= Elizabeth Killigrew, Viscountess Shannon =

English courtier (1622–1680)

Elizabeth Boyle, Viscountess Shannon (born Elizabeth Killigrew; baptised 16 May 1622 - December 1680), was an English courtier and mistress of King Charles II.

== Life ==
Elizabeth Killigrew was a daughter of Sir Robert Killigrew and Mary Woodhouse, and sister of dramatist Thomas Killigrew. She was baptised at St Margaret Lothbury, London, on 16 May 1622.

On 24 October 1639, she married Francis Boyle (later Viscount Shannon), son of the Irish landowner Richard Boyle, 1st Earl of Cork. He was a friend of her stepfather, Thomas Stafford (MP). As the couple was young, there was discussion whether they should live together, or if Francis should depart on a Grand Tour first.

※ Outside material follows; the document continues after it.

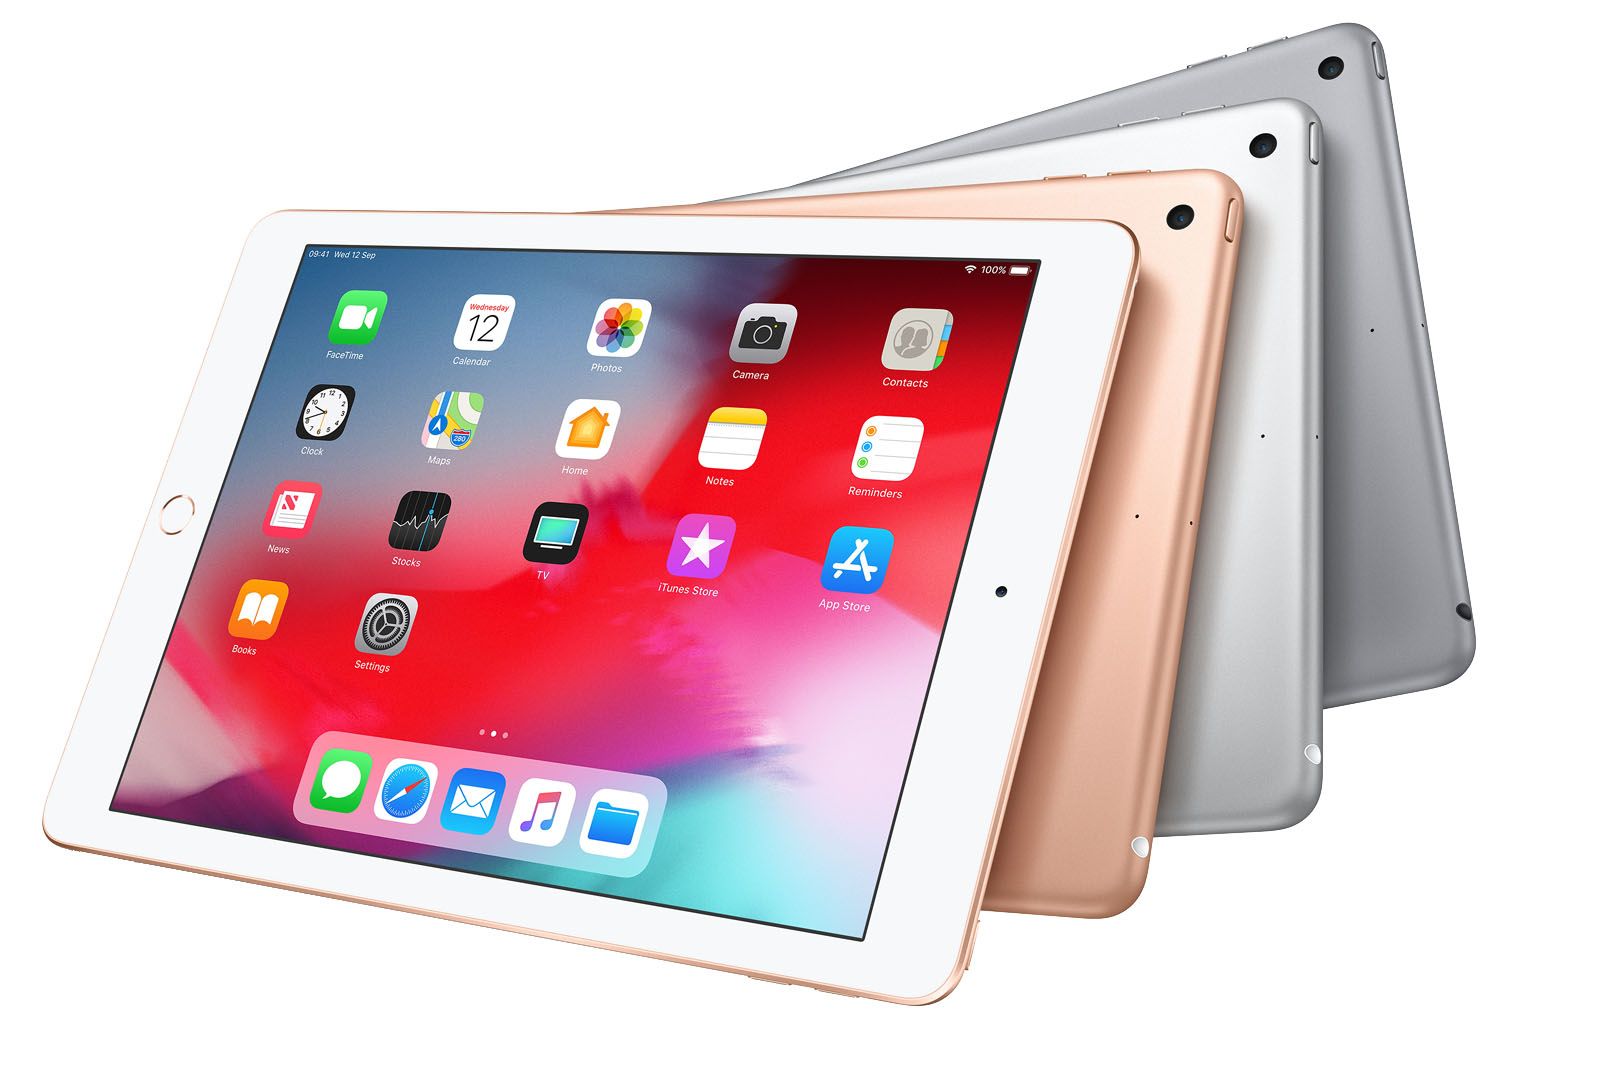 New iPads expected in late 2020 - maybe an iPad Air upgrade image 1

Elizabeth joined the royalist court-in-exile of Queen Henrietta Maria as a maid of honour – where she became one of the many mistresses of the queen's son, the future King Charles II. Her daughter Charlotte Jemima Henrietta Maria FitzRoy was fathered by the exiled Prince Charles in 1650.

In 1660, the year Charles was restored to the throne as Charles II, Elizabeth Killigrew's husband was raised to the Irish peerage as Viscount Shannon. Her daughter Charlotte married firstly the playwright James Howard and in 1672 remarried William Paston, son of the Earl of Yarmouth. Charlotte died in 1684.

Poet Anne Killigrew was Elizabeth's niece; among her relatives Lady Shannon also numbered the politicians and playwrights Sir William Killigrew (her brother) and Roger Boyle, Earl of Orrery (a brother-in-law), Robert Boyle, the physicist, and Katherine Jones, Viscountess Ranelagh (the latter two siblings-in-law).